BLAS GEMM Benchmarks

Home » Pages » BLAS GEMM Benchmarks

In a scientific application I develop we make extensive use of matrix-matrix multiplications. It is therefore important that these operations are performant. Highly tuned multiplication kernels are a core component of the basic linear algebra subprograms (BLAS) API. There exist a wide variety of BLAS implementations—both open source and proprietary—for almost all HPC platforms.

What follows are a series of benchmarks for the matrix sizes that arise in our application for a variety of BLAS libraries. It is hoped that these benchmarks will help users to make informed decisions when deciding on a specific BLAS.

The dimensions of the matrices, with the exception of the final test-case (M = N = K = 2048), are all real-world examples taken from my solver.

Methodology

When conducting the benchmarks the following procedures were employed:

all BLAS libraries were compiled/run in serial with all operations running on a single CPU core;
each benchmark was repeated 5000 times;
the benchmarking process was pinned to the first core on the system;
FLOPS were computed using 5000×(2×M×N×K)/Δt where N, M, and K are the relevant dimensions of the matrices and Δt is the wall clock time;
all matrices were stored row major order;
all matrices were initialised with random values with a consistent seed being used throughout;
the GEMM parameters α and β were taken as 1.0 and 0.0 respectively;
the transpose parameters were both set to CblasNoTrans;
all numbers are quoted in gigaflops.

Core i7 3770K

The following comparison is between ATLAS 3.11.11 and the current Git Head of OpenBLAS. Both were compiled using GCC 4.7.2 on a Gentoo Linux system. The CPU was a 3.5Ghz Intel Core i7 3770K with turbo-boost (to 3.9Ghz) enabled.

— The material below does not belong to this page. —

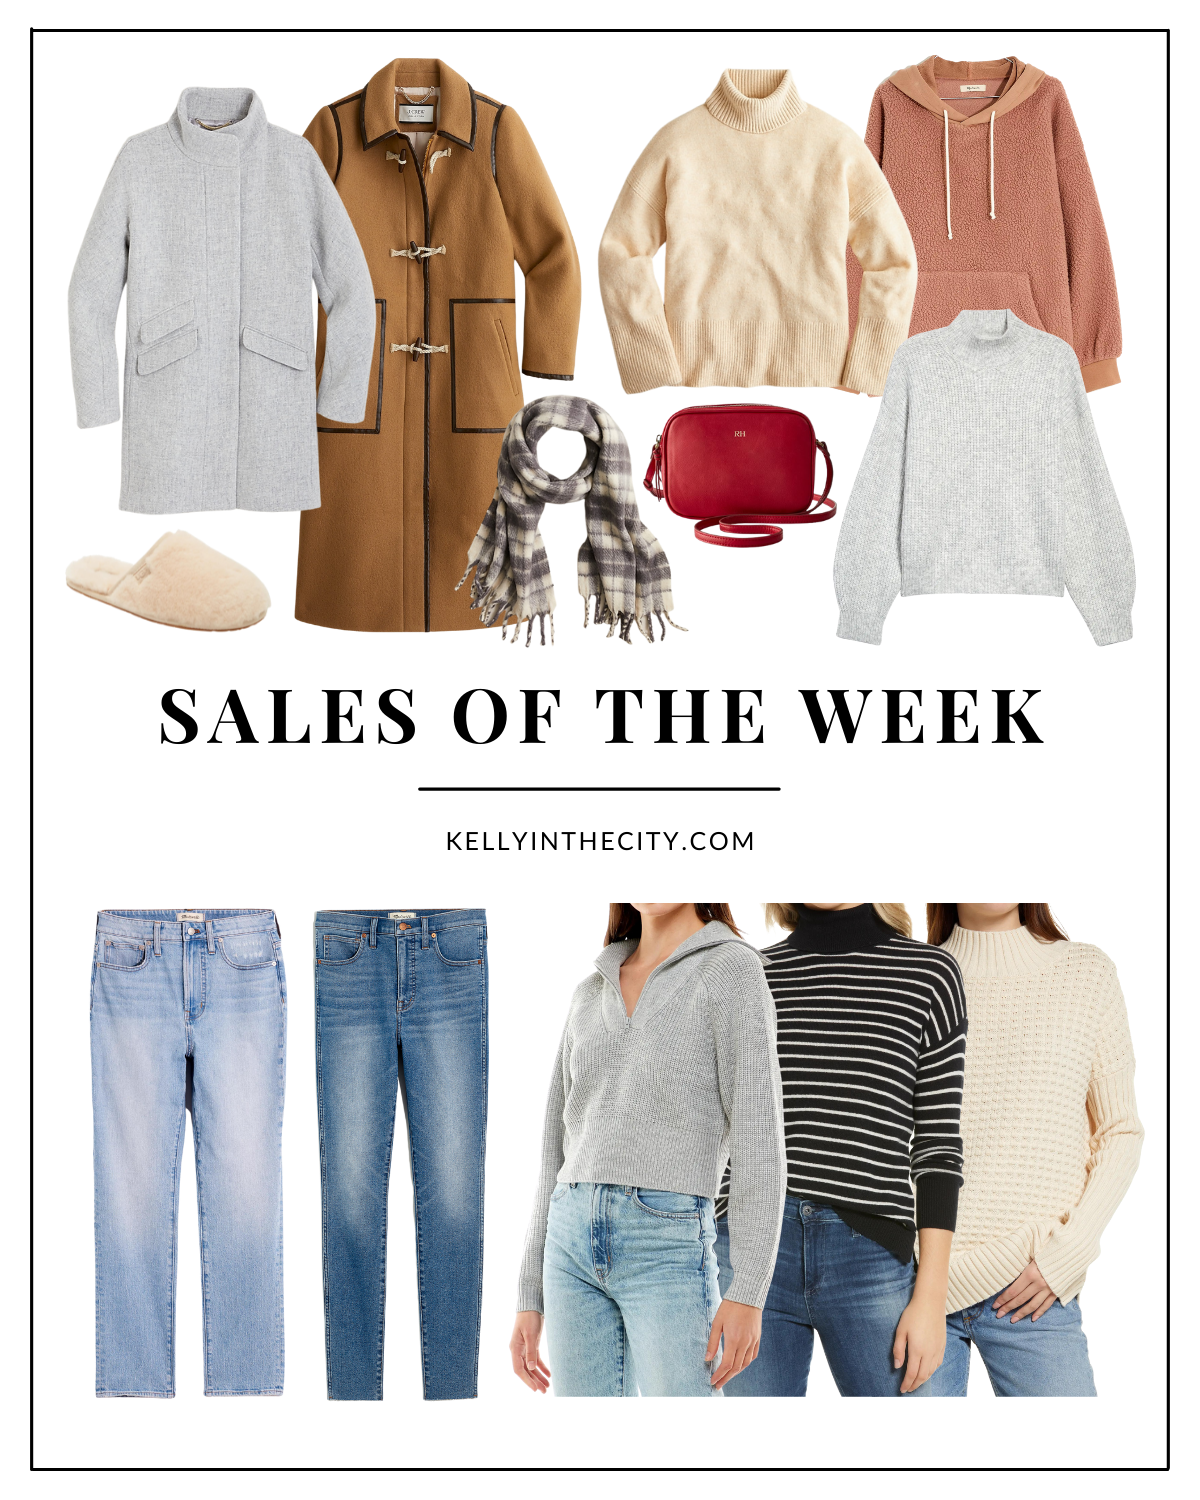 Sales of the Week
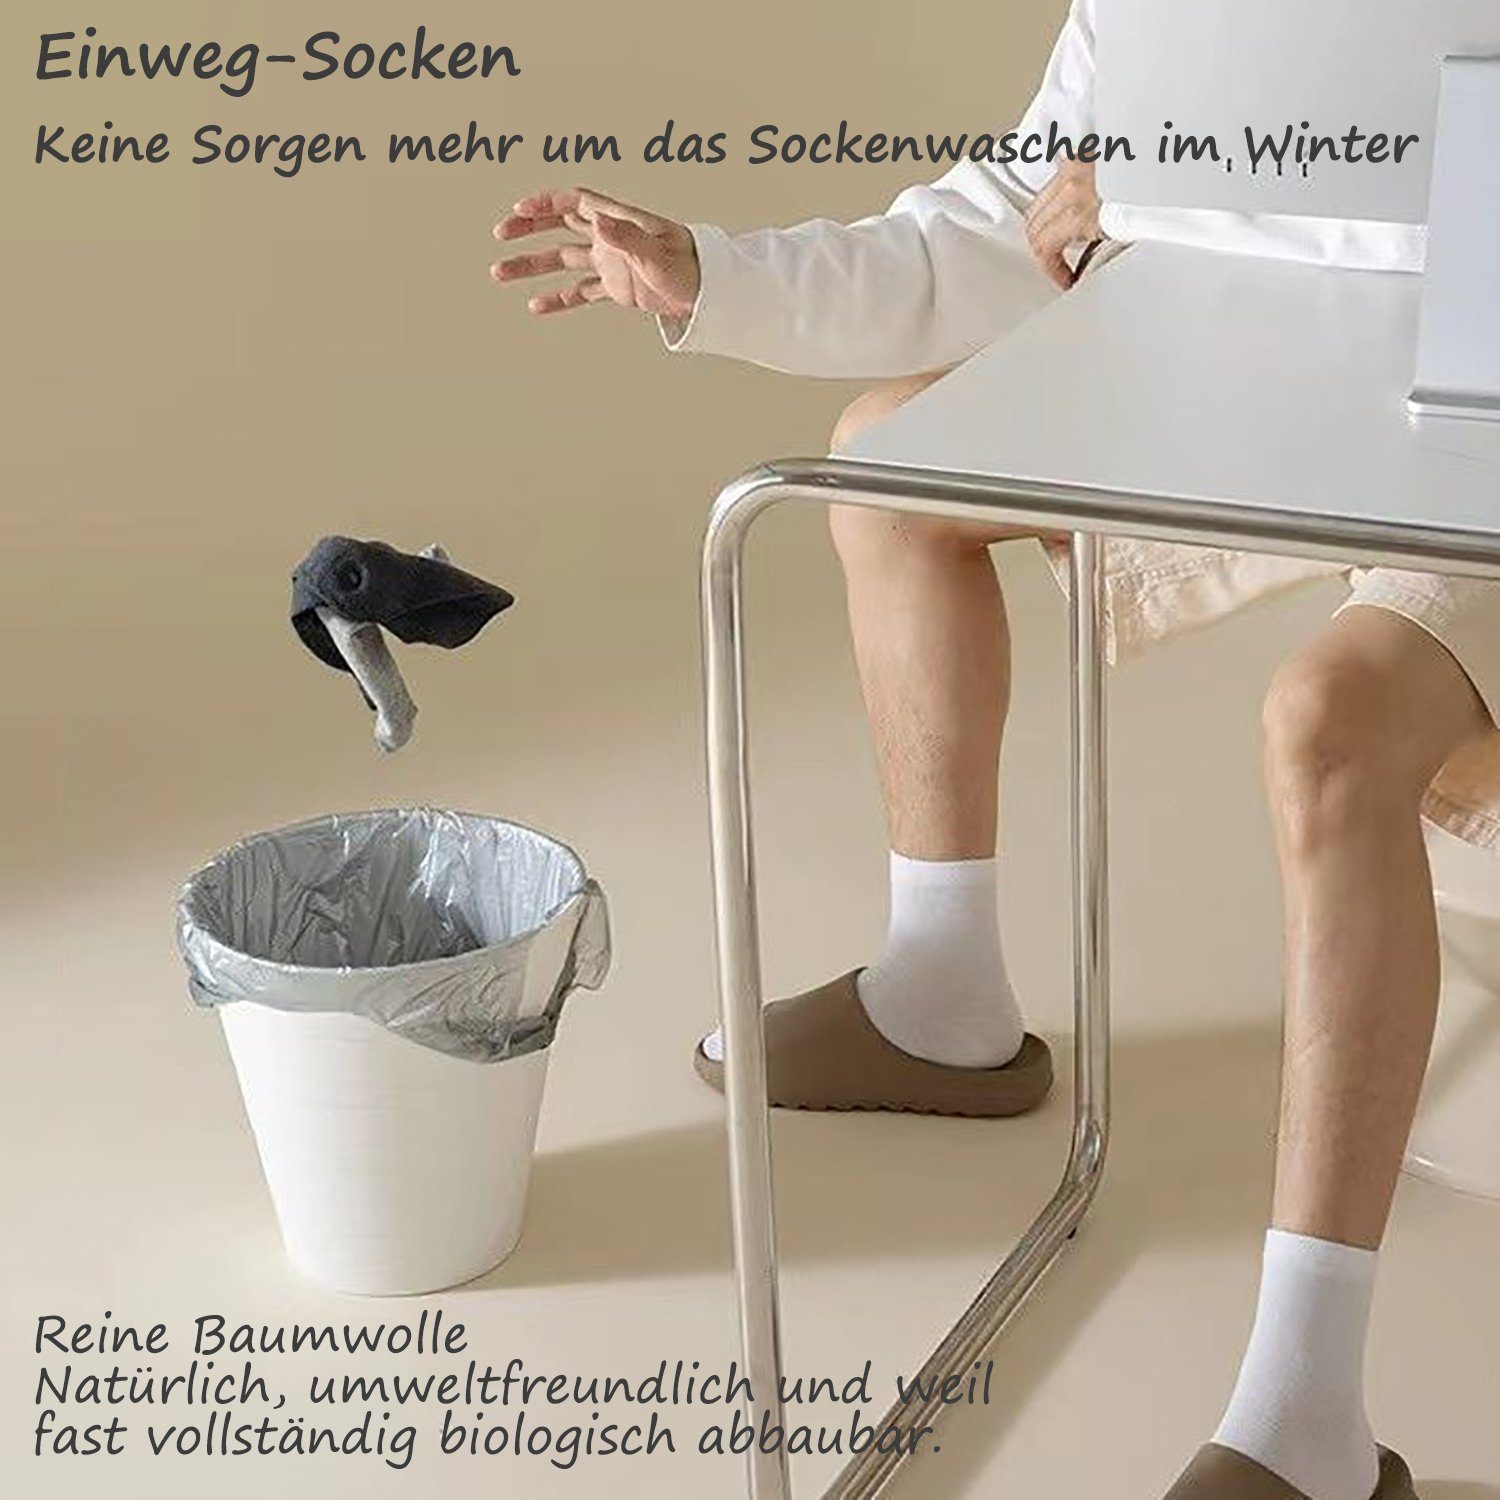 Freizeitsocken Baum-wolle Einweg-Socken Sportsocken Unisex 30 Paar Grau Daisred

Peak is ~62.7 gigaflops single precision and ~31.4 gigaflops double precision.

			ATLAS		OpenBLAS
M	N	K	S	D	S	D
6	25000	3	8.78	5.84	6.20	4.94
8	25000	4	11.31	6.63	8.83	6.26
9	25000	6	15.68	9.07	11.51	8.17
12	25000	9	20.94	11.31	14.25	10.37
12	25000	10	21.80	11.22	15.18	10.84
15	25000	15	26.33	13.32	17.54	12.21
16	25000	16	22.55	12.25	21.51	13.77
18	25000	21	25.80	13.37	23.02	14.14
20	25000	25	24.49	13.68	24.29	15.63
24	25000	8	24.62	11.92	17.77	11.33
24	25000	36	24.91	15.18	30.73	17.01
54	25000	27	28.69	17.92	32.09	17.28
96	25000	64	35.16	22.37	45.17	22.18
150	25000	125	40.65	25.70	48.41	25.26
216	25000	216	53.75	25.09	54.18	27.90
2048	2048	2048	61.02	30.37	61.61	31.06

We note here that ATLAS tends to outperform OpenBLAS when working at single precision until M = 24. At this point OpenBLAS pulls away; often delivering 20% more FLOPS than ATLAS.